An alternative to Universal Grammar
Of course, the debate is far from new (see Tomasello's review of Pinker's The language instinct for instance). But the article takes a fresh start by presenting a summary of several decades of cross-linguistic work by typologists and descriptive linguists, and its consequences for a cognitive approach of language. The authors open the summary by questioning the linguistic universals put forward by Pinker and Bloom in their BBS article (1990) and claim that there are counter-example for all of them:
1. "Major lexical categories (noun, verb, adjective, preposition)" (sect. 2.2.4)
2. "Major phrasal categories (noun phrase, verb phrase, etc.)" (sect. 5)
3. "Phrase structure rules (e.g., "X-bar theory" or "immediate dominance rules")" (sect. 5)
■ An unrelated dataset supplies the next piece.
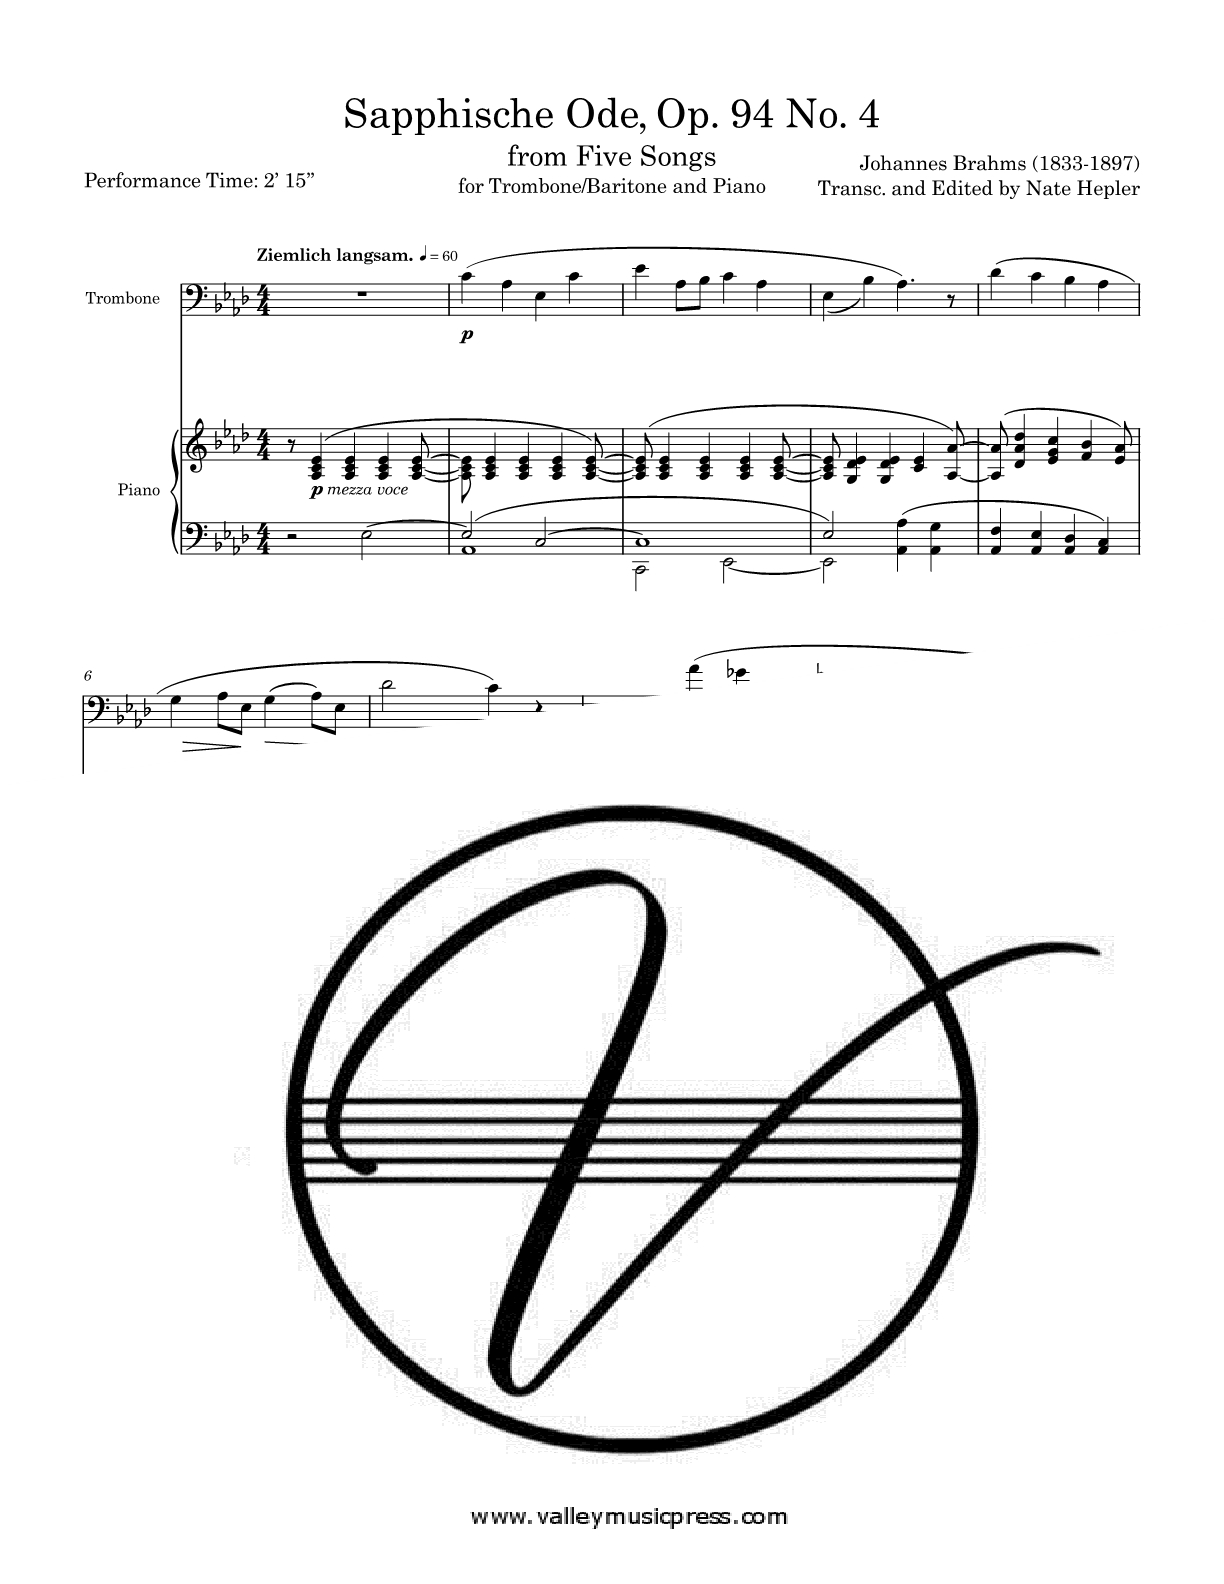 Brahms - Sapphische Ode Five Songs Op. 94 No. 4 (Trb & Piano)
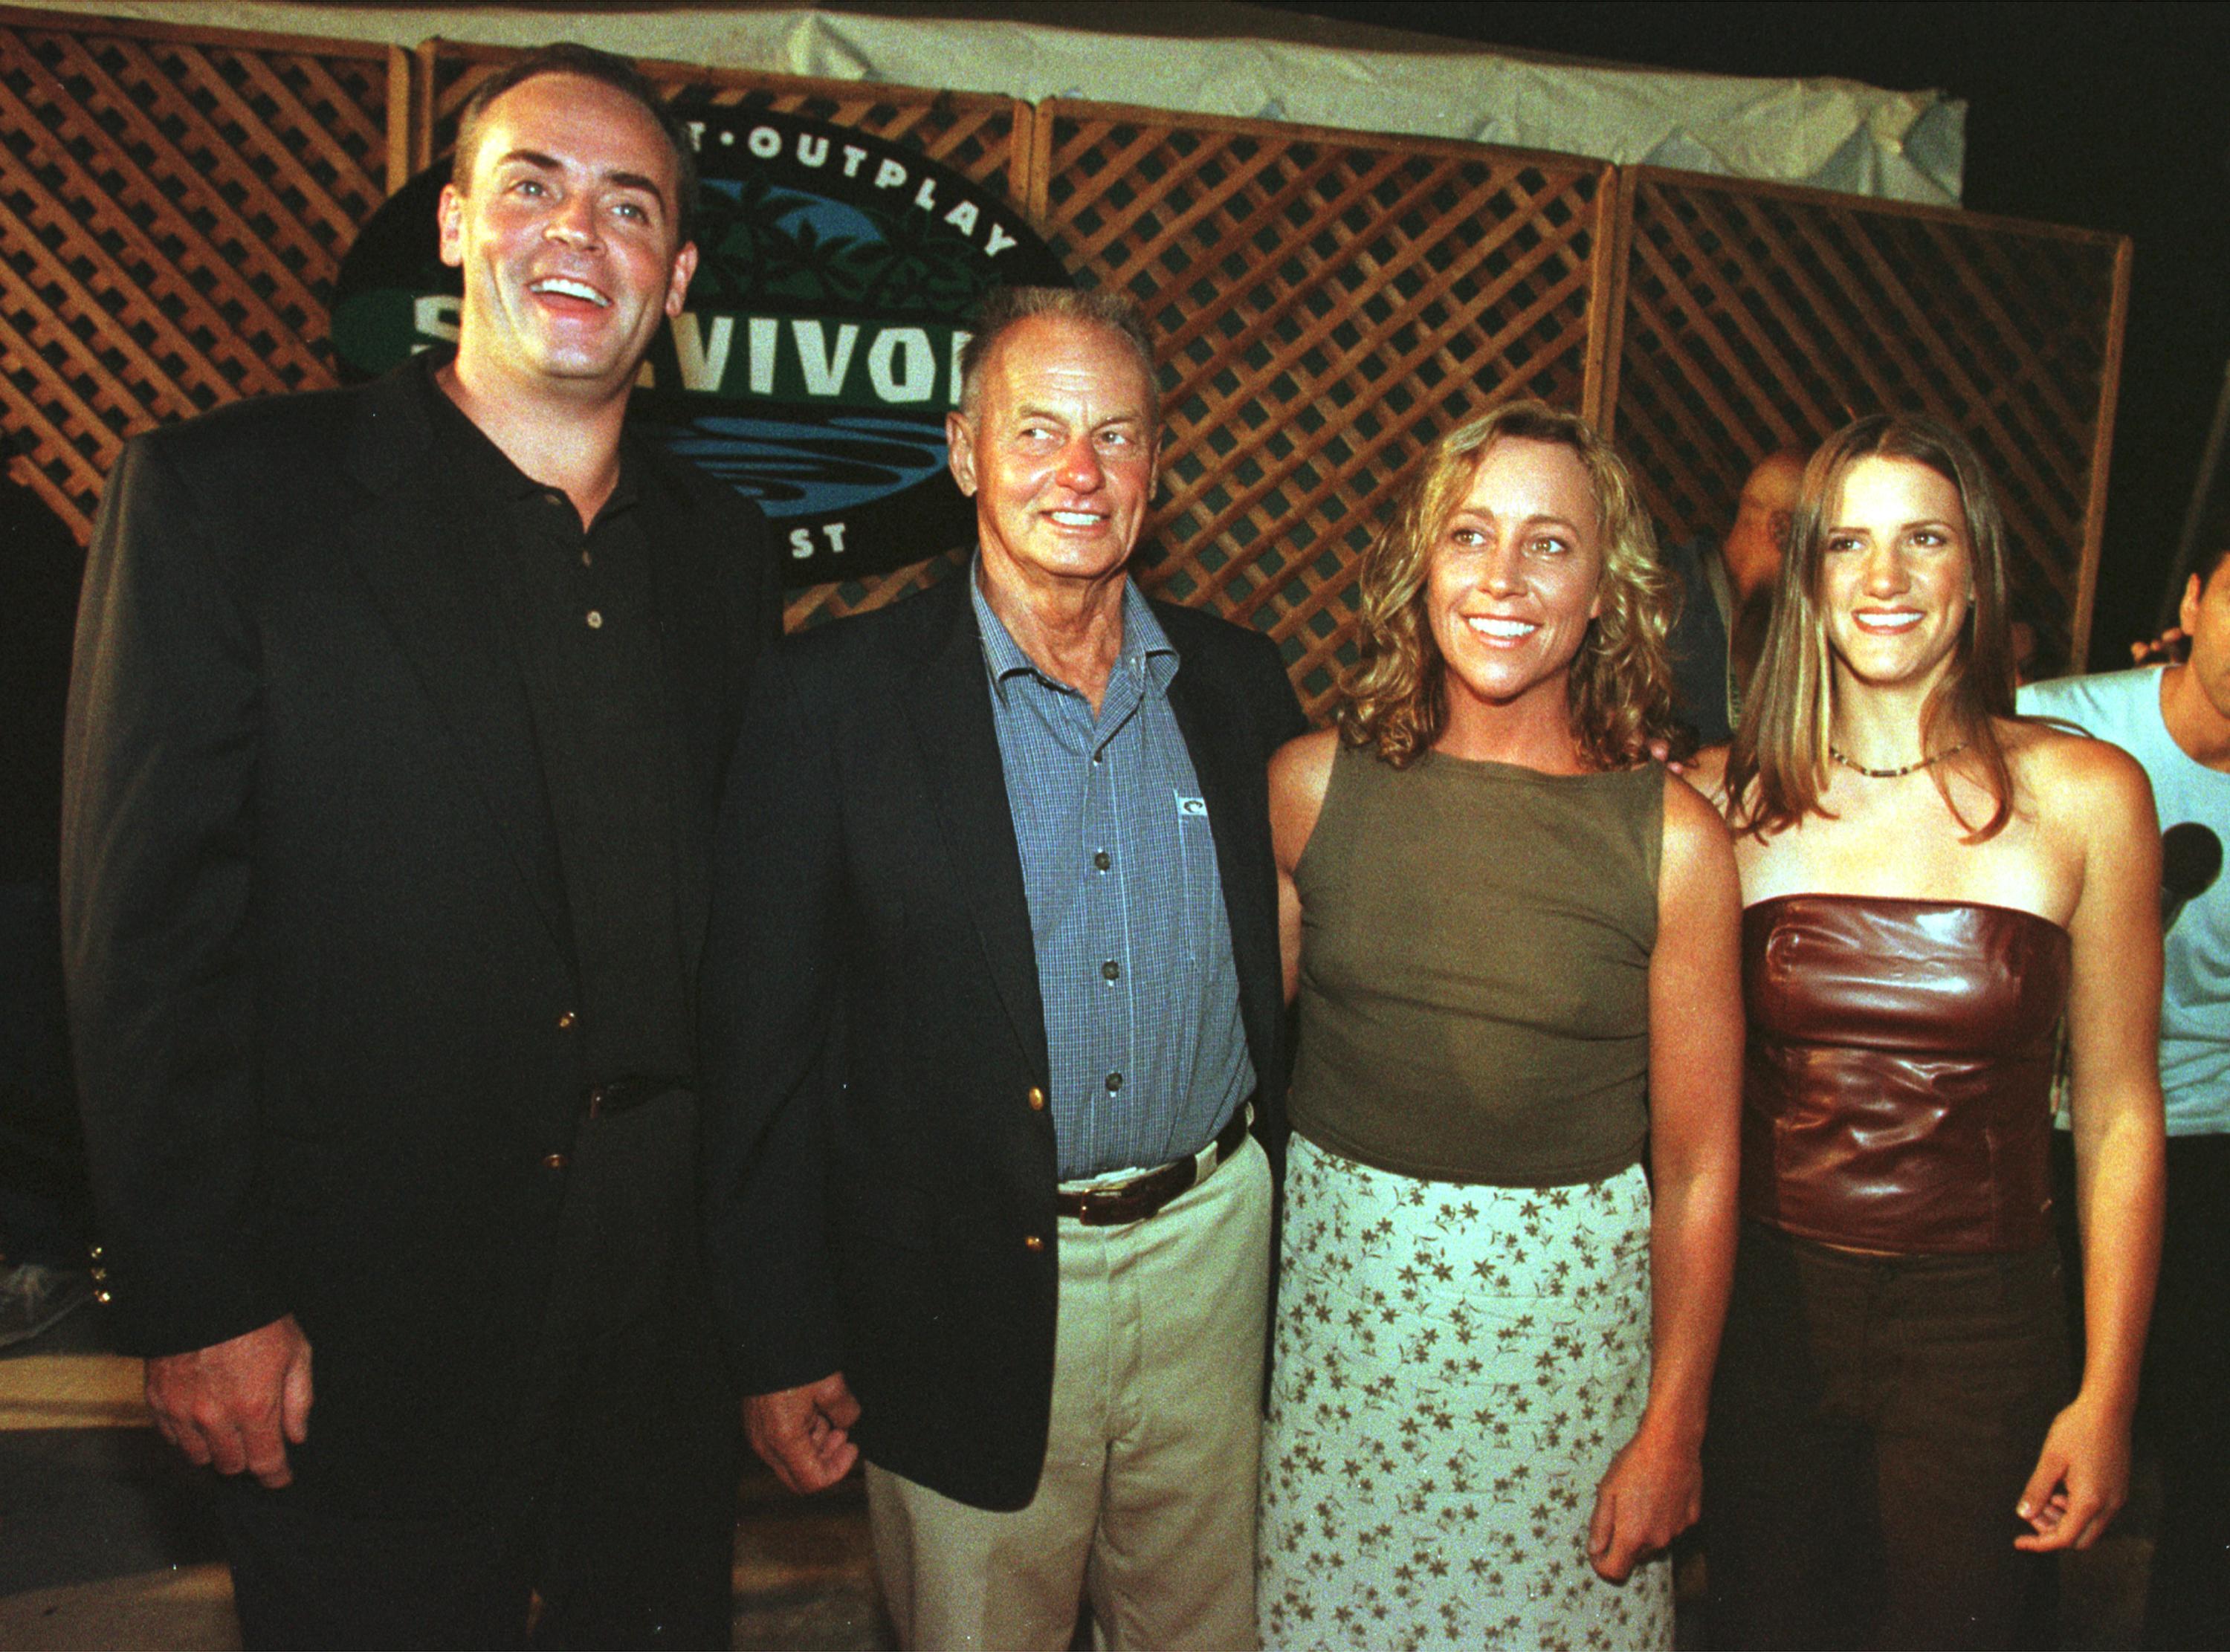 Richard Hatch, Rudy Boesch, Susan Hawk and Kelly Wiglesworth from 'Survivor: Borneo'

4. "Rules of linear order" to distinguish, for example, subject from object, or "case affixes" which "can take over these functions" (sect. 5)
5. "Verb affixes" signaling "aspect" and "tense" (including pluperfects) (sect. 2.2.3)
6. "Auxiliaries" (Many languages lack auxiliaries (e.g., Kayardild, Bininj Gun-wok).
7. "Anaphoric elements" including pronouns and reflexives (Many languages (e.g. Mwotlap) lack dedicated reflexive or reciprocal constructions altogether. Some Southeast Asian languages lack clear personal pronouns).
8. "Wh-movement" (Not all languages (e.g., Chinese, Japanese, Lakhota) move their wh-forms).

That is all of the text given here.